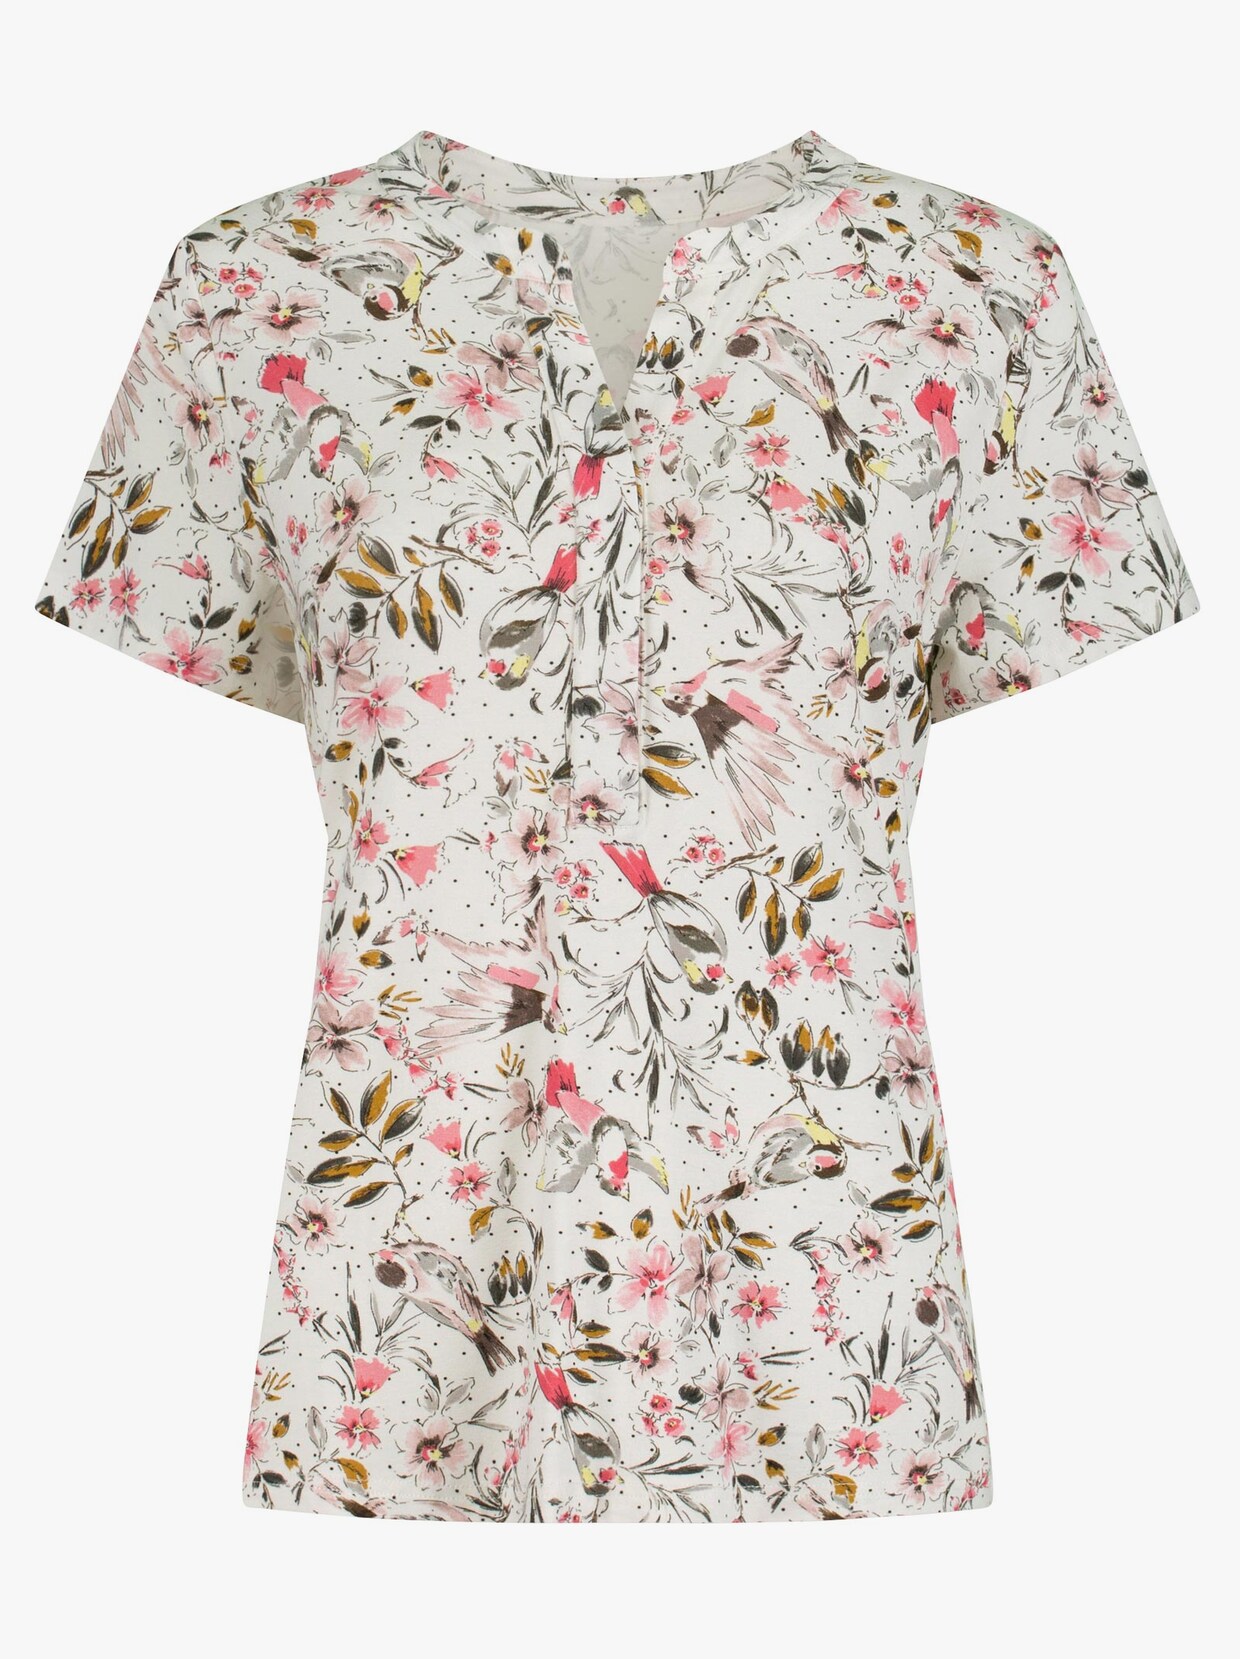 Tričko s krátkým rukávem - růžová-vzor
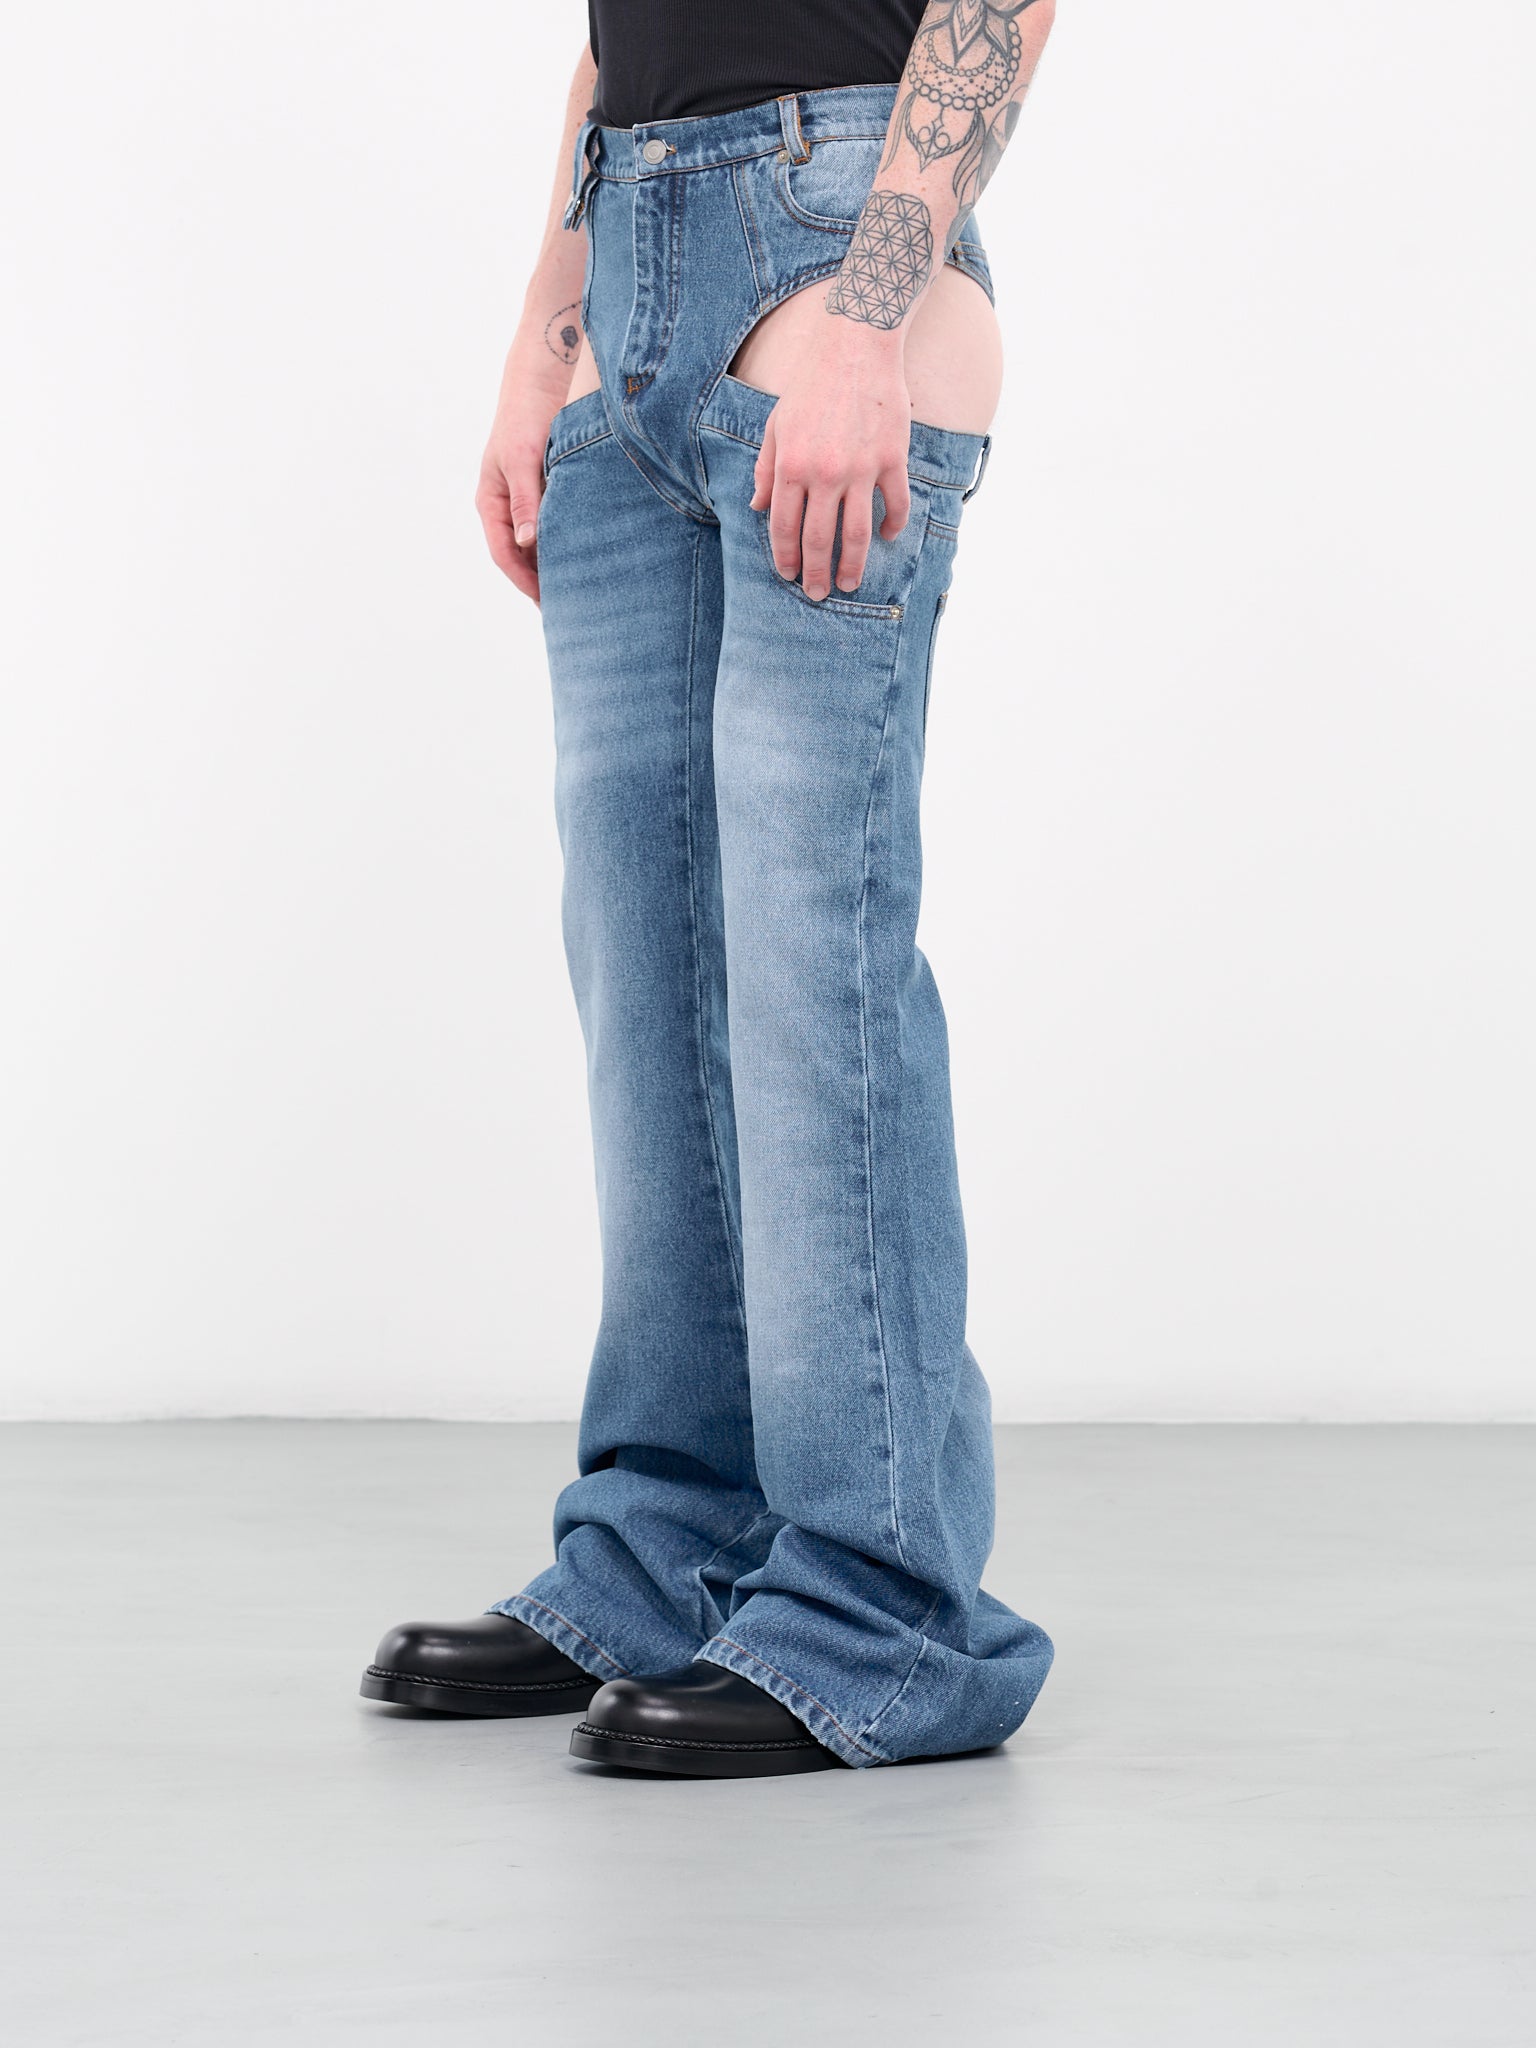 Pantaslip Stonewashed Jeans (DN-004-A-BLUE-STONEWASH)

==

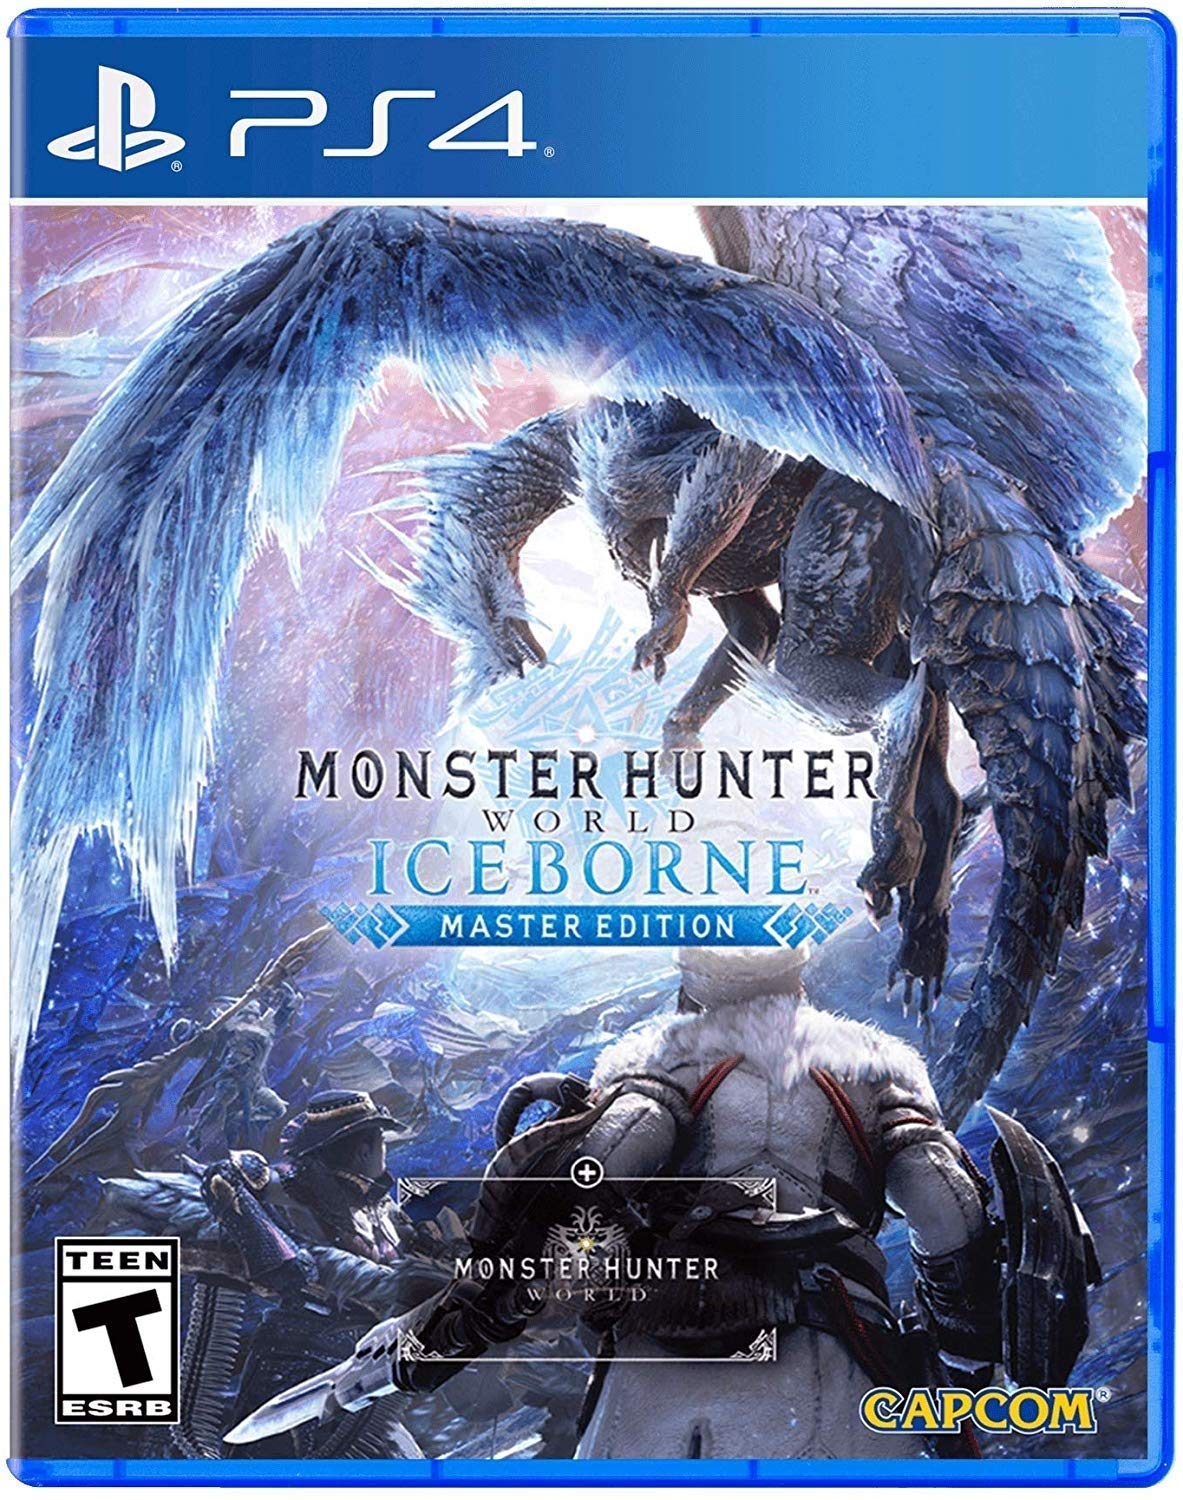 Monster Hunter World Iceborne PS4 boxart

> _What you will do_
Work from the entries above. Set down exactly and only the lines from the line with "Tričko s krátkým rukávem - růžová-vzor" to the line with "Pantaslip Stonewashed Jeans", both included, and leave the pictures out.

> _Task output_
 Tričko s krátkým rukávem - růžová-vzor
 Pantaslip Stonewashed Jeans (DN-004-A-BLUE-STONEWASH)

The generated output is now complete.